In order to find his missing wife Rachel (Rachel Brosnahan), who has allegedly been abducted by buffalo soldier Elijah Jones, cuckolded New Mexico landowner Martin Kidd (Hamish Linklater) hires Borlund (Brandon Scott). The latter two were last seen riding into Mexico, with Rachel maintaining her light skin beneath a little travel umbrella. The army officer who sets up the meeting between Borlund and Kidd offers Sergeant Poe (Warren Burke), another Black soldier who sees this opportunity as a chance for progress even if it means betraying former friend Jones, as backup for Borlund.

 

However, it turns out that Rachel has actually fled with her lover Elijah, eager to leave Kidd’s abusive and unloving marriage, while Elijah aspires to succeed with his new love in a nation outside of the United States, perhaps Cuba. These characters come together in Mexico, colliding with a few posses of secondary characters, including: Mexican outlaw Tiberio Vargas (Benjamin Bratt) and his deep bench of walking practise targets; the law enforcement officials in the town where they all come together (Fidel Gomez and Alfredo Quiroz); infamous bank robber Joe Cribbens (Willem Dafoe, who is obviously having fun); and a mariachi band.

 

Actually, I’m just joking about the mariachi band, though it wouldn’t have been entirely unexpected if one had wandered through the streets at one point to lend a little additional flavour to the final gunfight, a beautifully planned and edited climax that brings the movie to a grand conclusion.
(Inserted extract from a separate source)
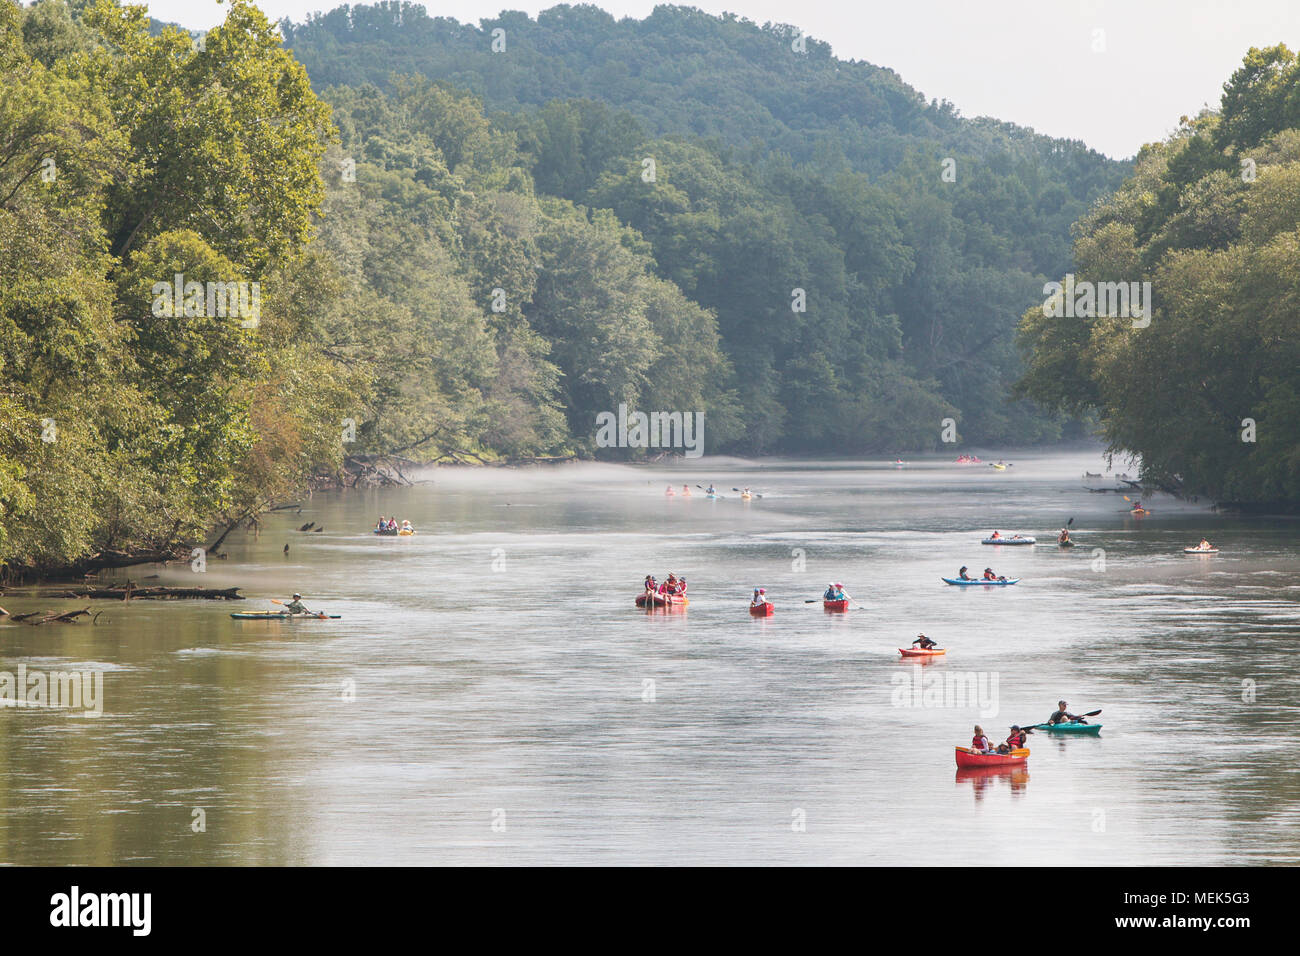 Atlanta, GA, USA - 25 juillet 2015 : Les gens raft, kayak et canoë sur la rivière Chattahoochee sur une chaude journée d'été le 25 juillet 2015 à Atlanta, GA. Banque D'Images

Hill’s action prowess has not diminished, as the cast and stunt team engage in battle with poise and ease.

 

Despite this, the middle sags a little from all the simultaneous events, which doesn’t always help the already lightning-quick characterizations in this. While Brosnahan’s clever runaway Rachel gets to deliver a fantastic, genuinely shocking monologue that indicates she isn’t all that into poor Elijah, his reasons for feeling the way he does aren’t nearly as clear. That probably applies to both Dafoe’s Joe and Waltz’s protagonist, but thanks to both actors’ plenty of presence and expression, viewers may fill in the blanks. Nevertheless, I wished I had learned more about Villegas’ Esperanza and her seeming fury. Make her the star of the next sequel, Mr. Hill, please.

 

 

Himanshu Mahawar

Himanshu Mahawar is the Editor and Founder at Flaunt Weekly.